DIARIO DE UN ESCRITOR
Atienza, 30 de mayo de 2012
Voy en busca de mis paisajes sentimentales.
Por eso voy de Madrid a Atienza, buscando el retiro del Convento Santa Ana. Y
me dejo guiar por el GPS que me saca de la autovía de Zaragoza y me lleva por carreteras
secundarias y desiertas a Jadraque. Subo al castillo con el sol en vertical
sobre mi cabeza y a paso muy lento, controlando la deshidratación y los latidos
de mi maltrecho corazón. Bordeo la imponente fortaleza, cuando corono la loma, perfectamente
conservada, y sigo hasta Atienza con música de chicharra y aire que me seca los
labios y me hace ansiar una jarra de cerveza.
Con los años me torno conservador, Si un
establecimiento hotelero me gusta, repito. Así es que con el recuerdo del Hotel
Convento Santa Ana al que una vez, en la agonía de mi séptima vida, llegué,
regreso en la epifanía de mi octava. Cambiaron los dueños, como cambié yo, pero
el hotel es el mismo. Un expansivo porteño, huido del corralito argentino, alto
y con bigote poblado, se encarga del bar y la cocina; un elegante caballero delgado
y de pelo cano y edad pareja a la mía, atiende la recepción; una guapa
sudamericana, quizá colombiana, se encarga de las habitaciones y ayuda en las
mesas, parca en sonrisas.
Me ducho, bajo a comer, hago una siesta
reparadora a la hora en que las cigarras atruenan el campo castellano y me voy
a dar un paseo a las siete de la tarde, con un sol que abrasa el páramo y a mí que por él ando.
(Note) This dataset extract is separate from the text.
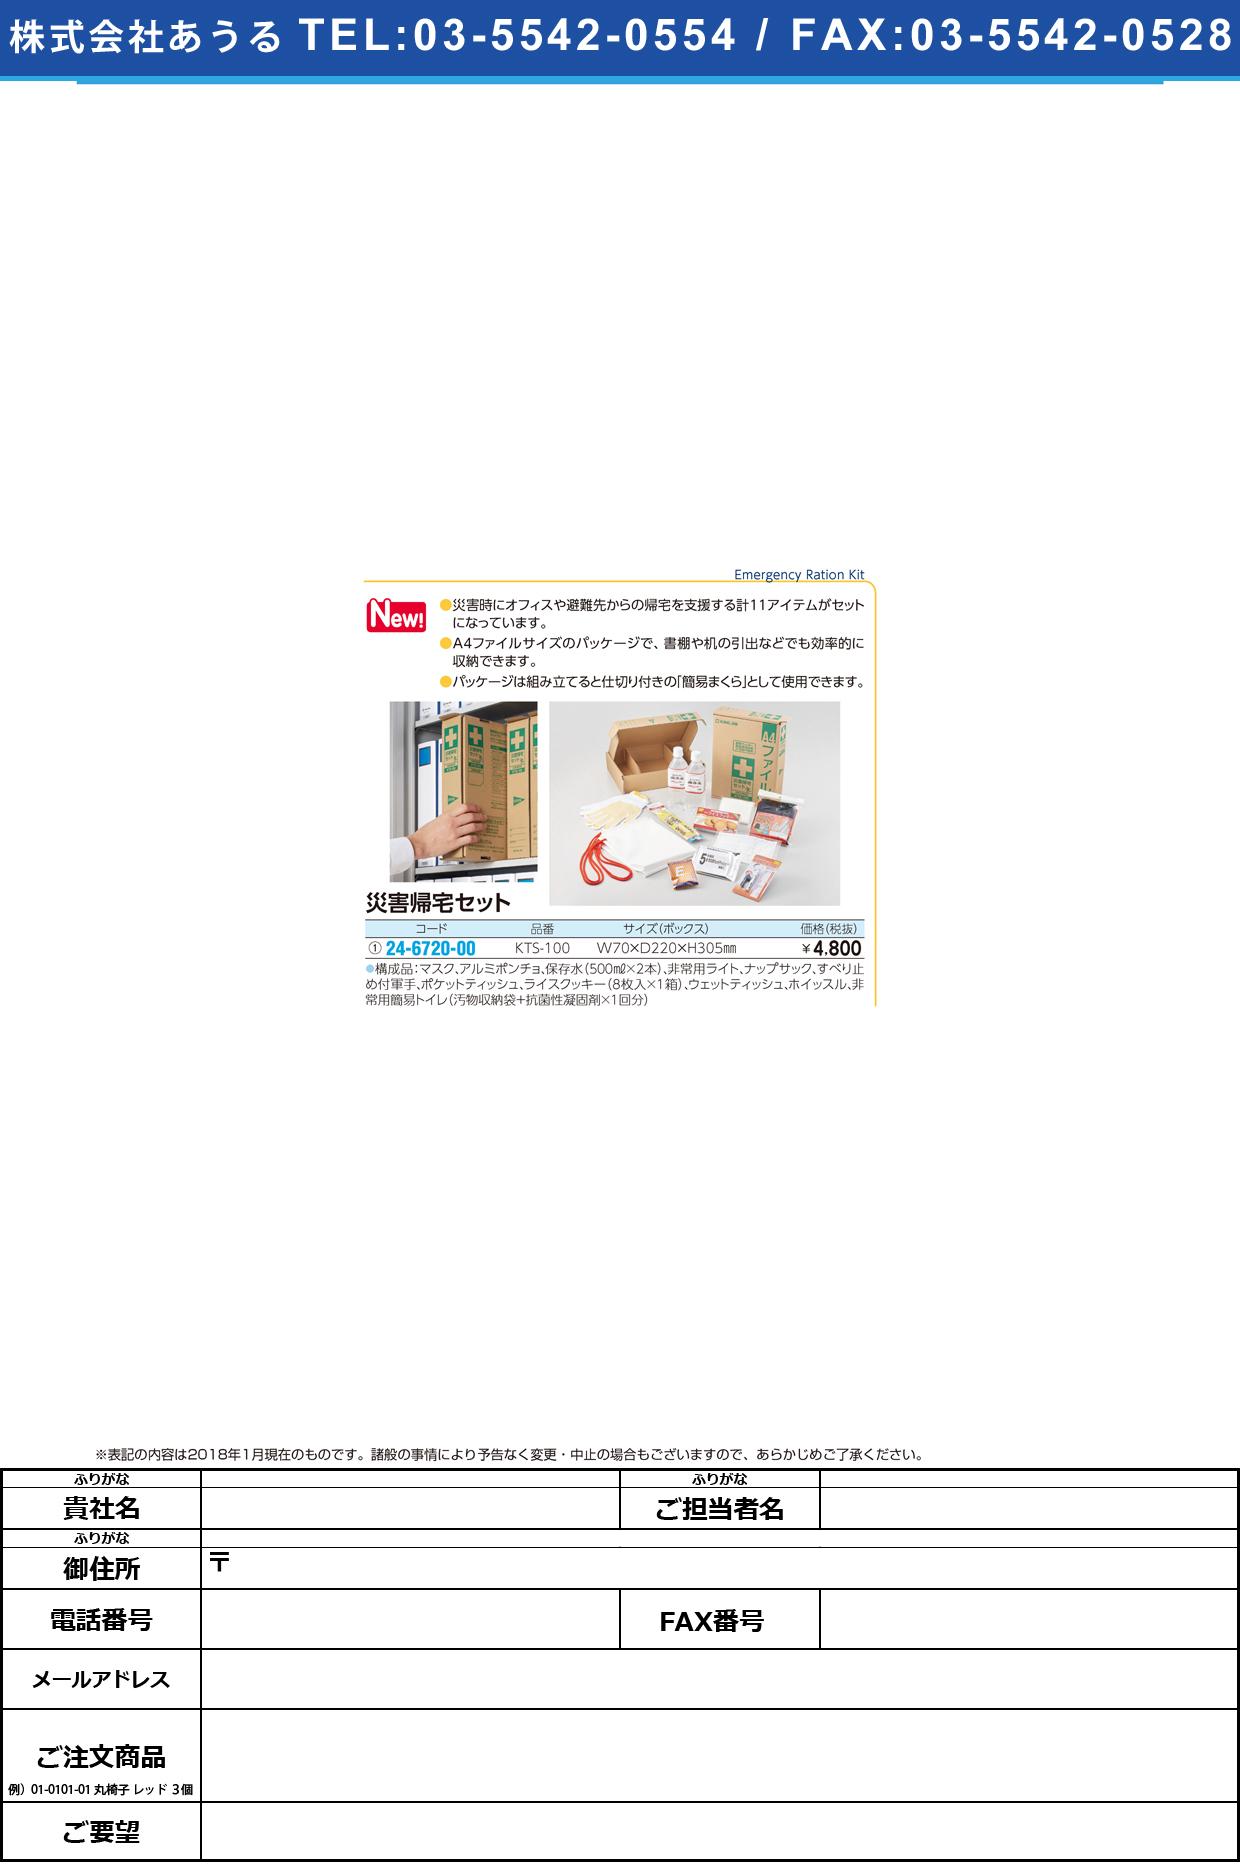 (24-6720-00)災害帰宅セット(A4ファイルサイズ) KTS-100 サイガイキタクセット【1個単位】【2018年カタログ商品】
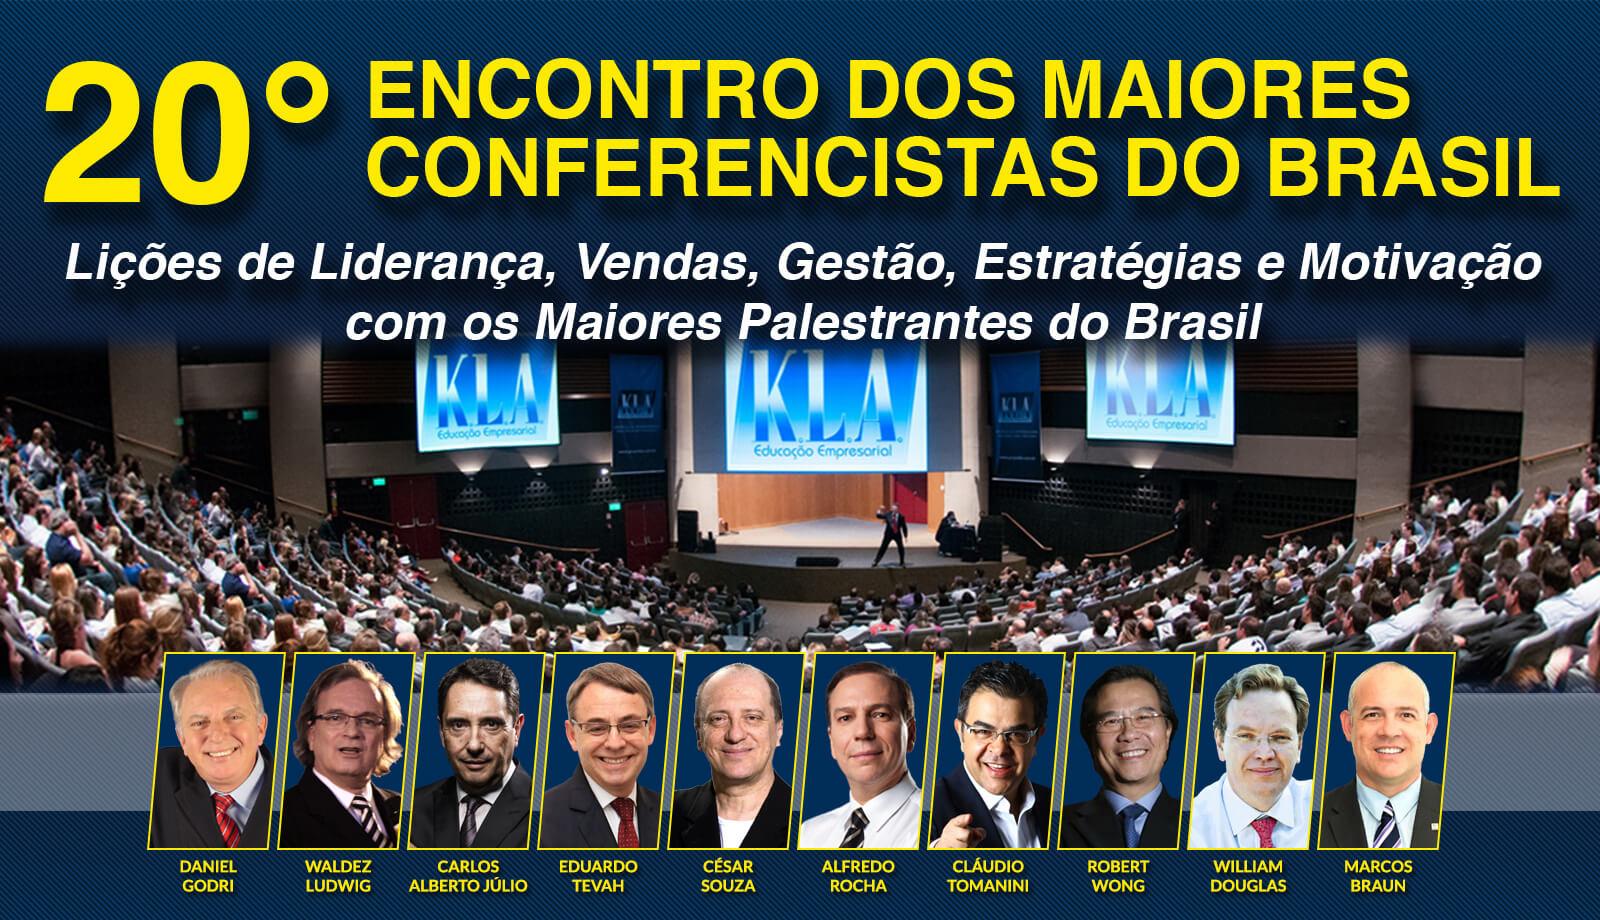 20º Encontro Dos Maiores Conferencistas Do Brasil

Paseo entre trigales que son verdes, antes de
ser dorados, y tierras roturadas de color ocre, sorteo un rebaño de corderos
por el aviso de sus perros pastores que velan por él, trepo hasta un suave
altozano con el sol ya moribundo, pero que muere matando, busco el acomodo de
una roca recubierta de musgo dorado y dejo que mi vista planee, como los dos
buitres que me vienen siguiendo por si desfallezco, por esa tierra infinita y
parcelada a la que los chopos, esculturas arbóreas, ponen su nota de sombra o
indican, cuando conforman un muro verde, la presencia de algún humedal o un
pequeño arroyo que palia, modestamente, la sequedad de tanta tierra de secano.
Ante este paisaje castellano, severo y
adusto, de campesinos de Solana con rostros cuarteados por el sol, tierras
roturados y cielos límpidos manchados por la mota de alguna nube solitaria,
antes esos pueblos de roca roja que se arraciman en torno a la espadaña de su
iglesia románica y esas espigas mecidas por el viento que son un mar verde
agitado que llega hasta el horizonte, sale mi espíritu mesetario y el recuerdo
indeleble de esos tres veranos de mi infancia, pasados en estos paisajes que en
nada han cambiado salvo en sus caminos que son carreteras asfaltadas y en los
postes de electricidad que llevan la luz a sus casas.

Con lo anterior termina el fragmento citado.